> _How to complete this task_:
Please transcribe the listing below in full and word for word, without its pictures.

> _Given information_:
══════
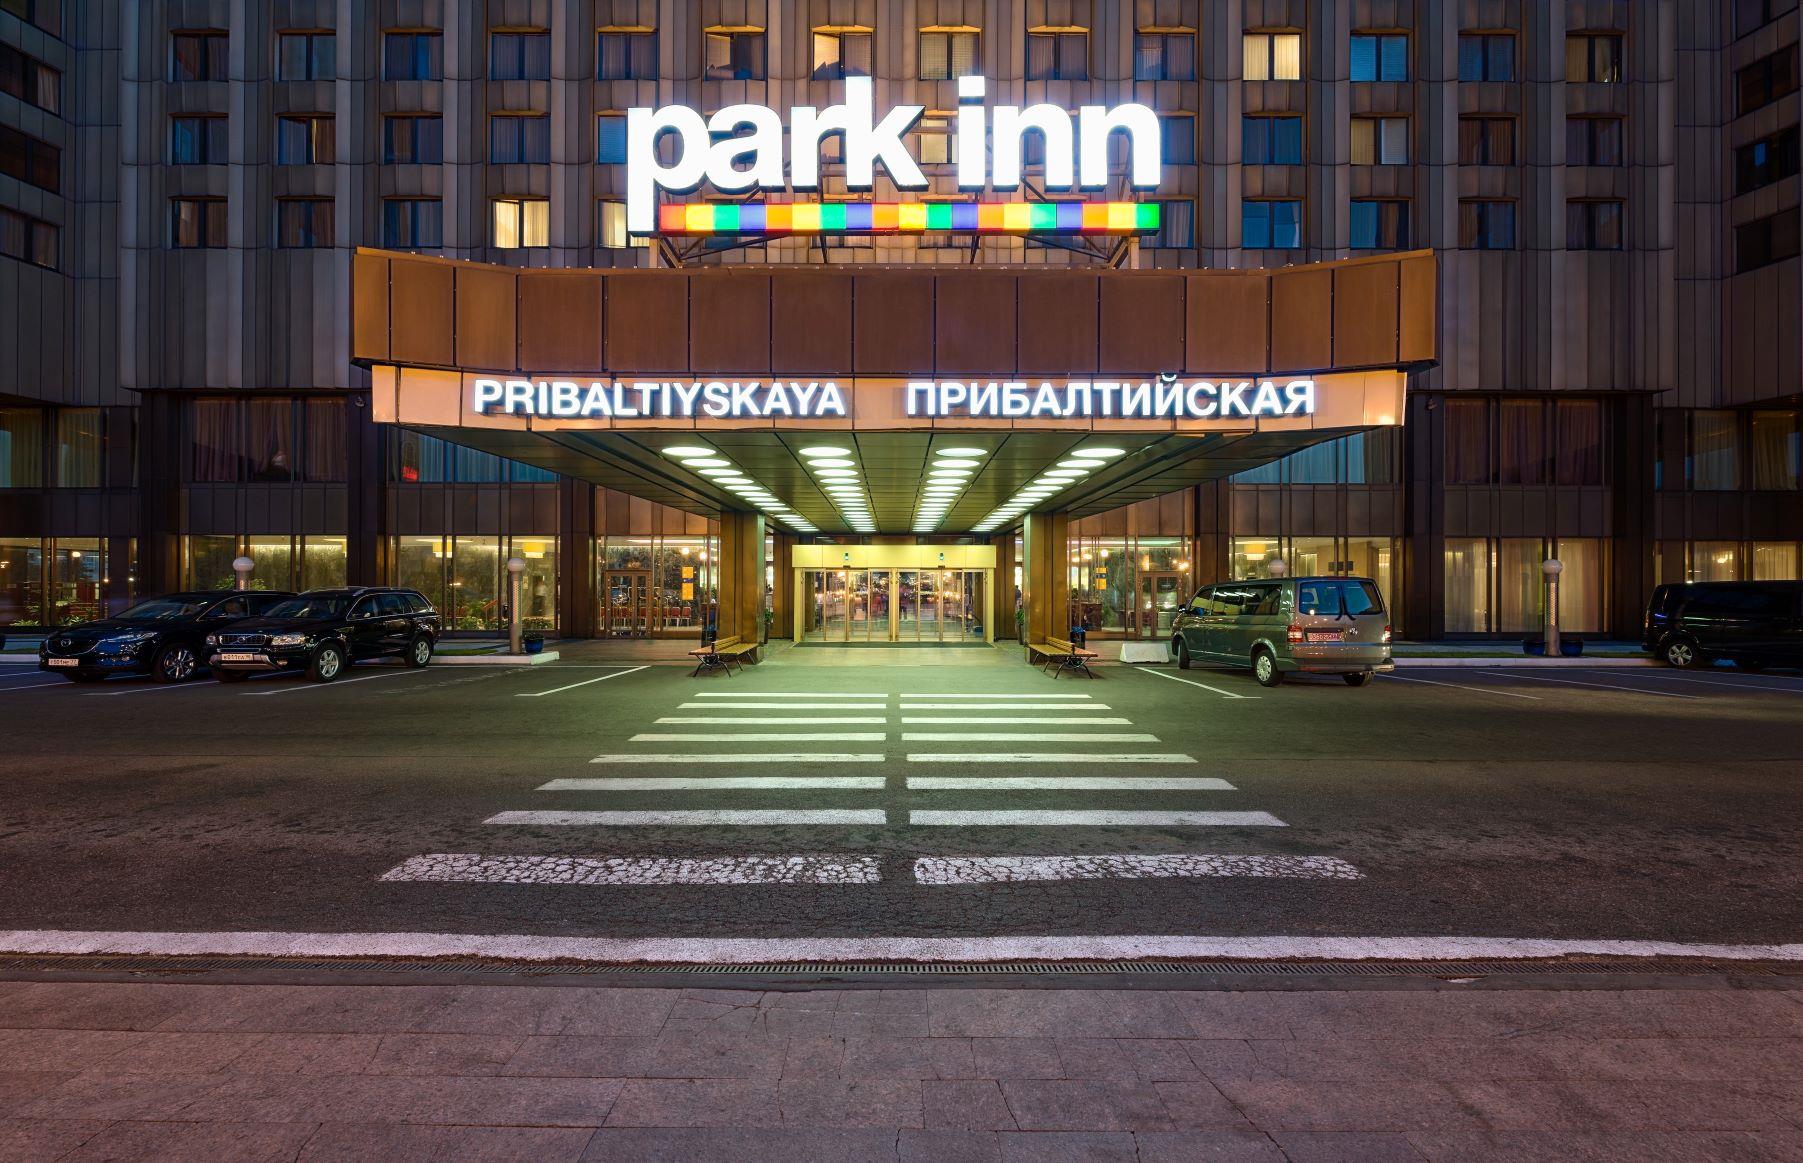 Park Inn by Radisson Pribaltiyskaya 4*
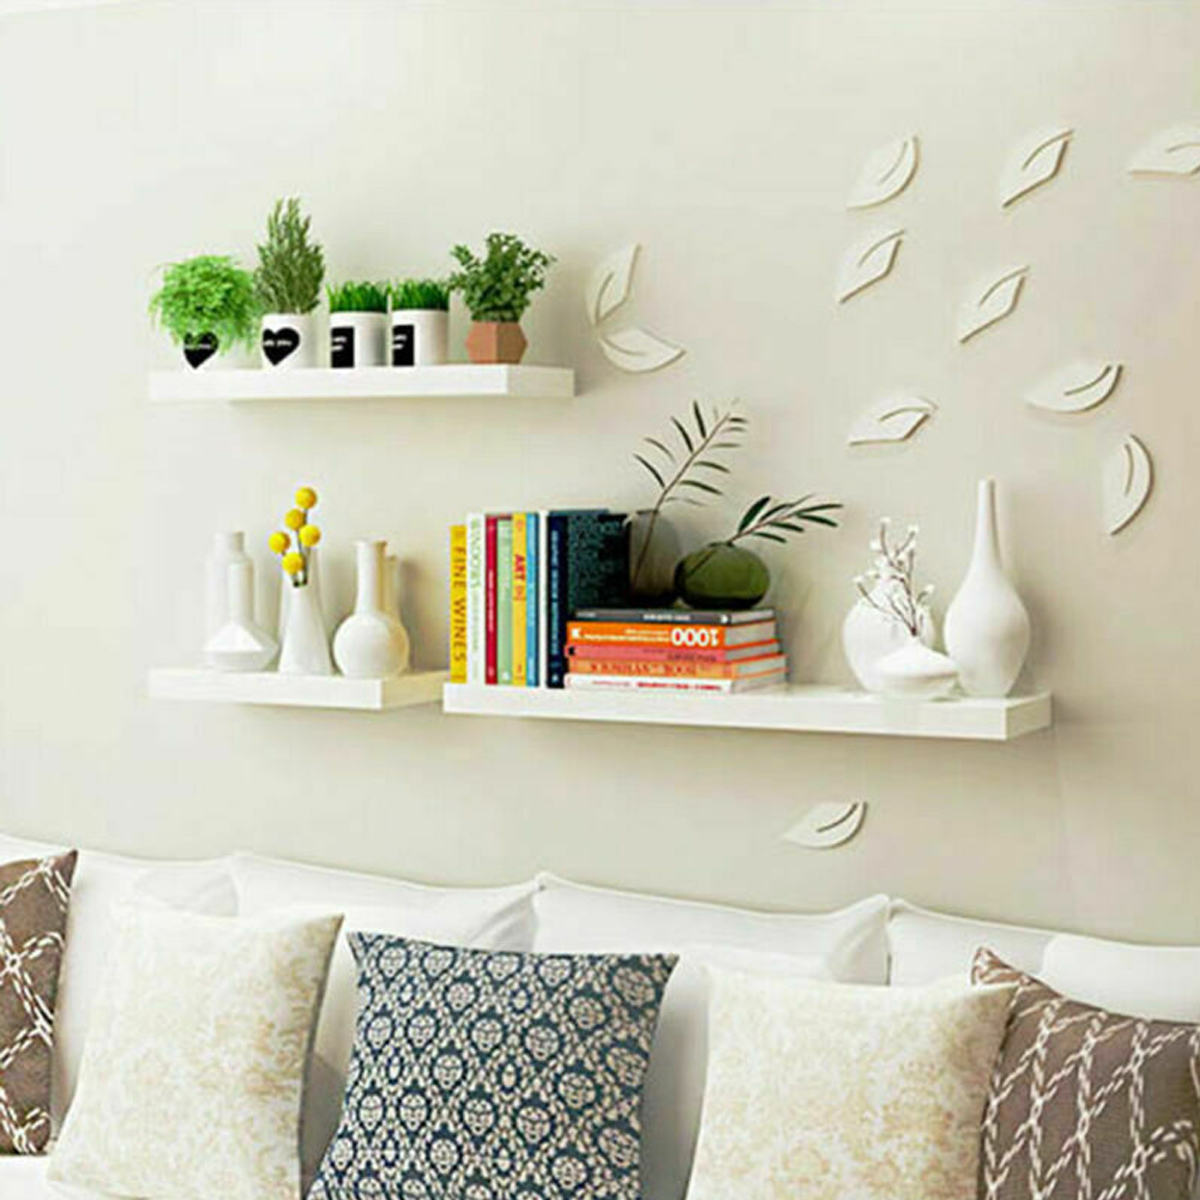 4-PcsSet-DIY-Wall-Shelves-Shelf-Floating-Display-Decor-Home-Wood-Wall-Mounted-1841567-11
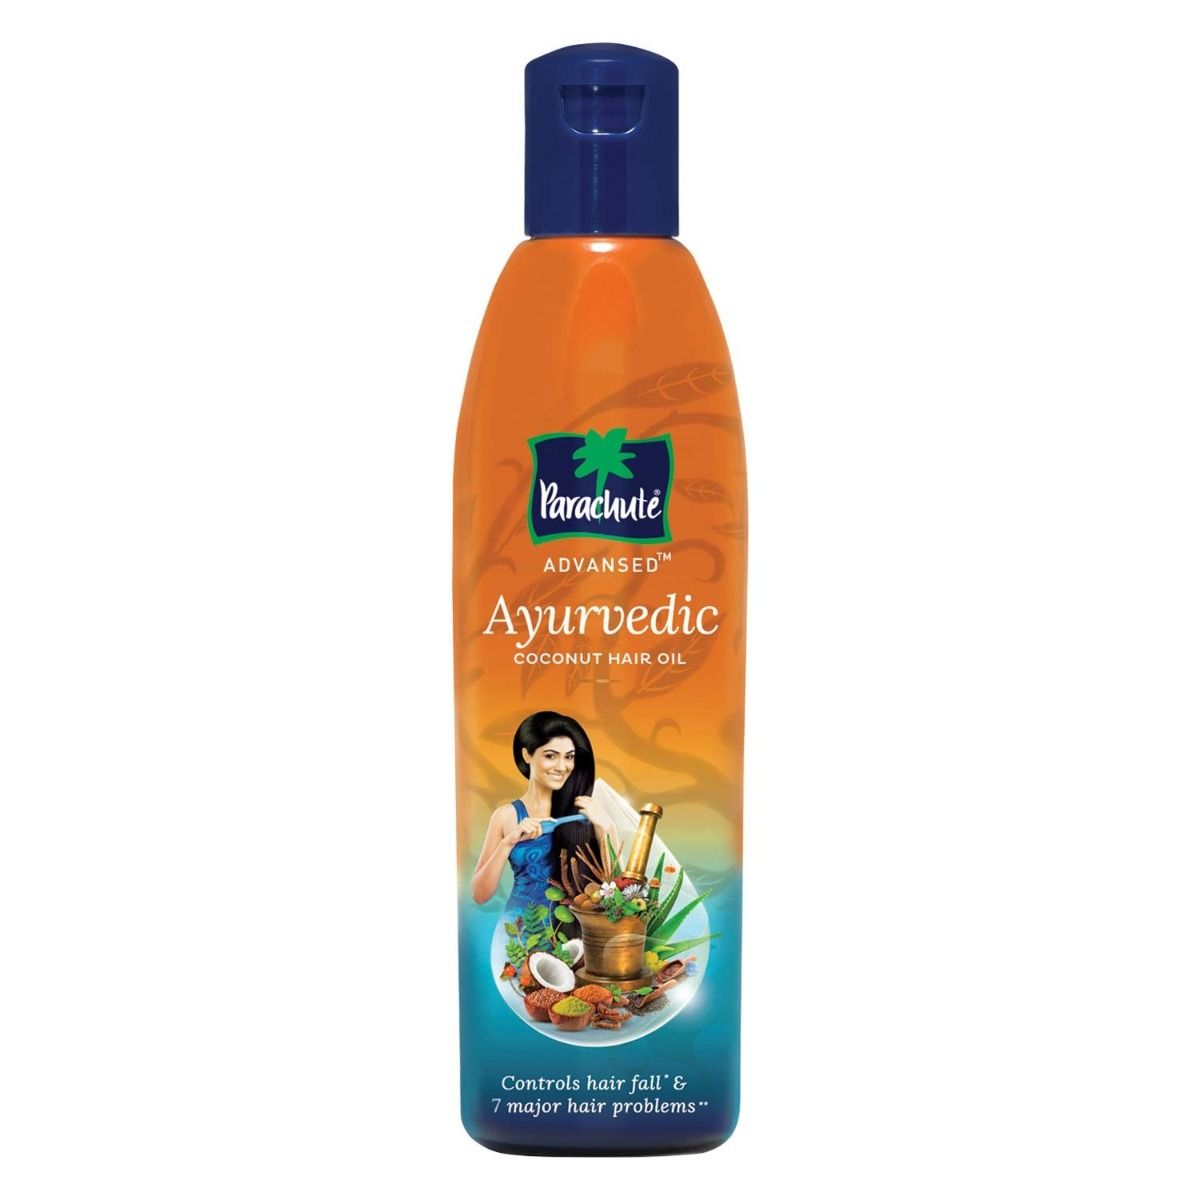 Parachute Advansed Ayurvedic  Coconut Hair Oil, 190 ml, Pack of 1 
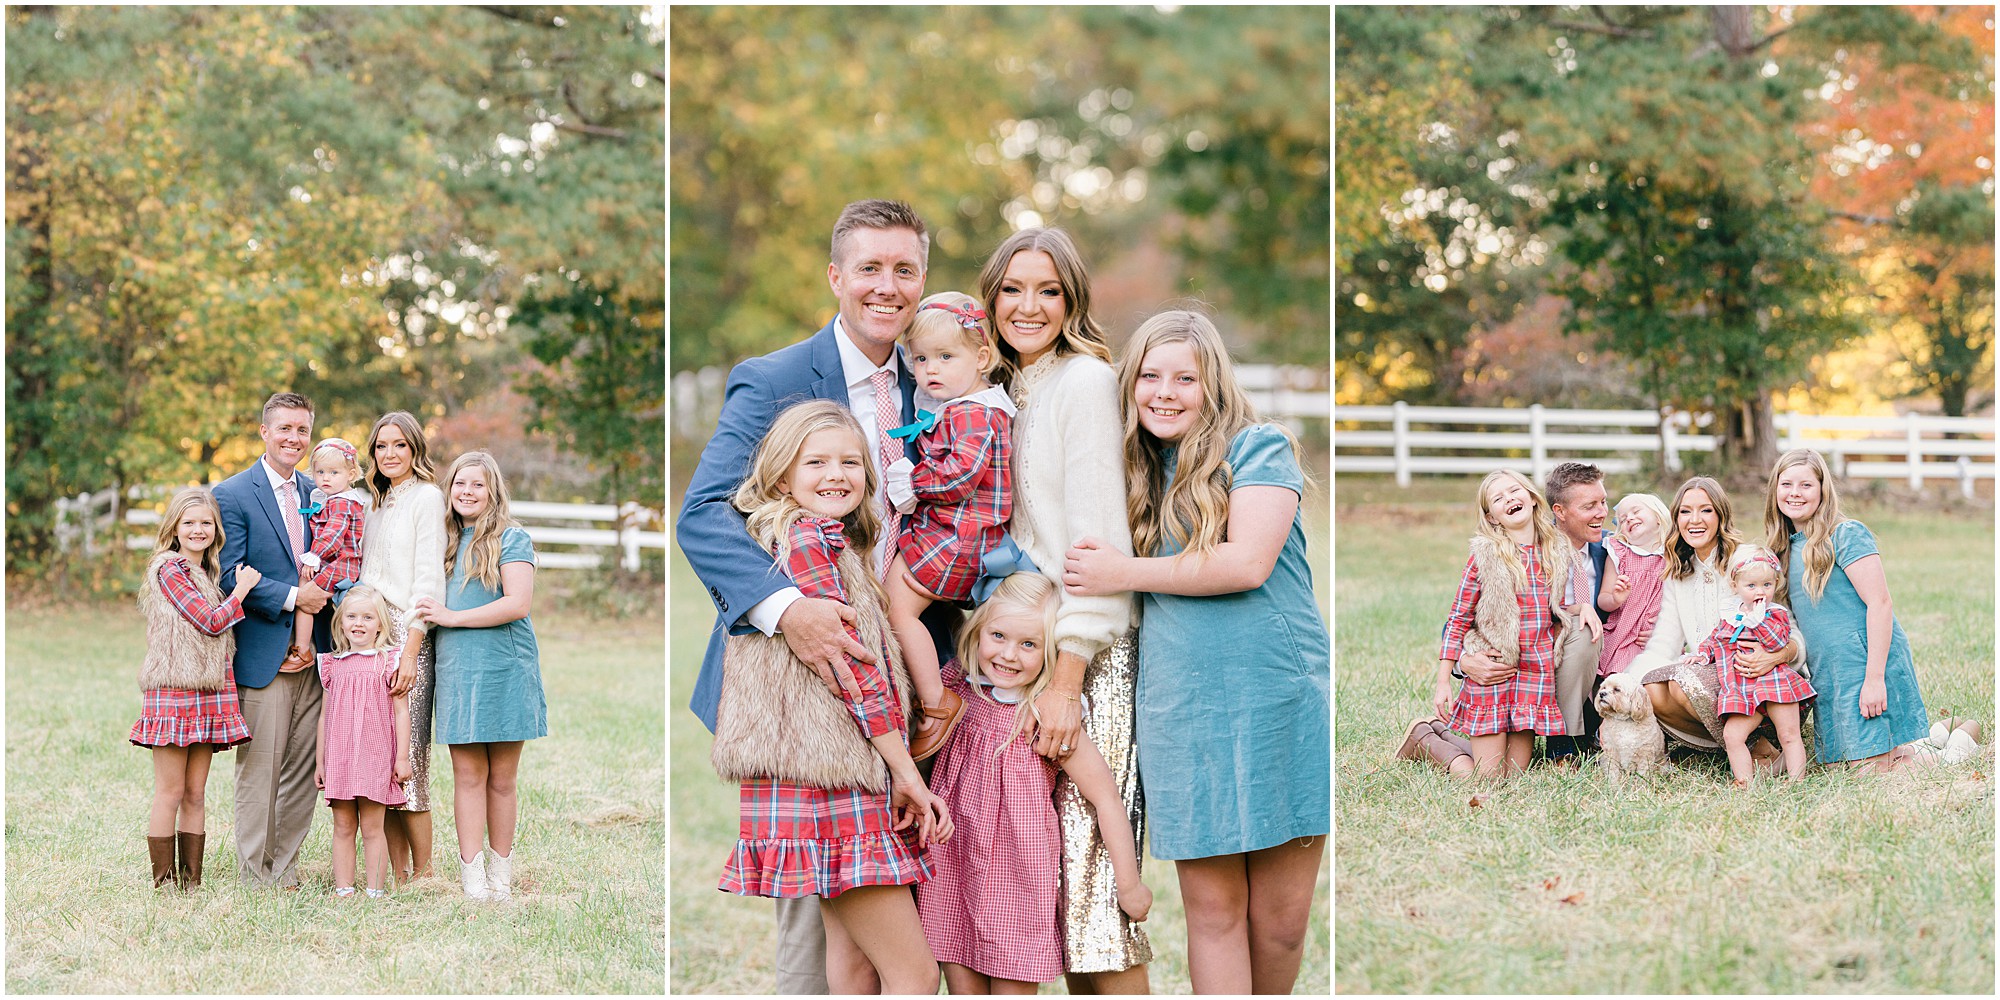 Fall family portraits in a field by Marietta GA photographer.
══════
> _Exercise result_:
 Park Inn by Radisson Pribaltiyskaya 4*
 4-PcsSet-DIY-Wall-Shelves-Shelf-Floating-Display-Decor-Home-Wood-Wall-Mounted-1841567-11
 Parachute Advansed Ayurvedic  Coconut Hair Oil, 190 ml, Pack of 1 
 Fall family portraits in a field by Marietta GA photographer.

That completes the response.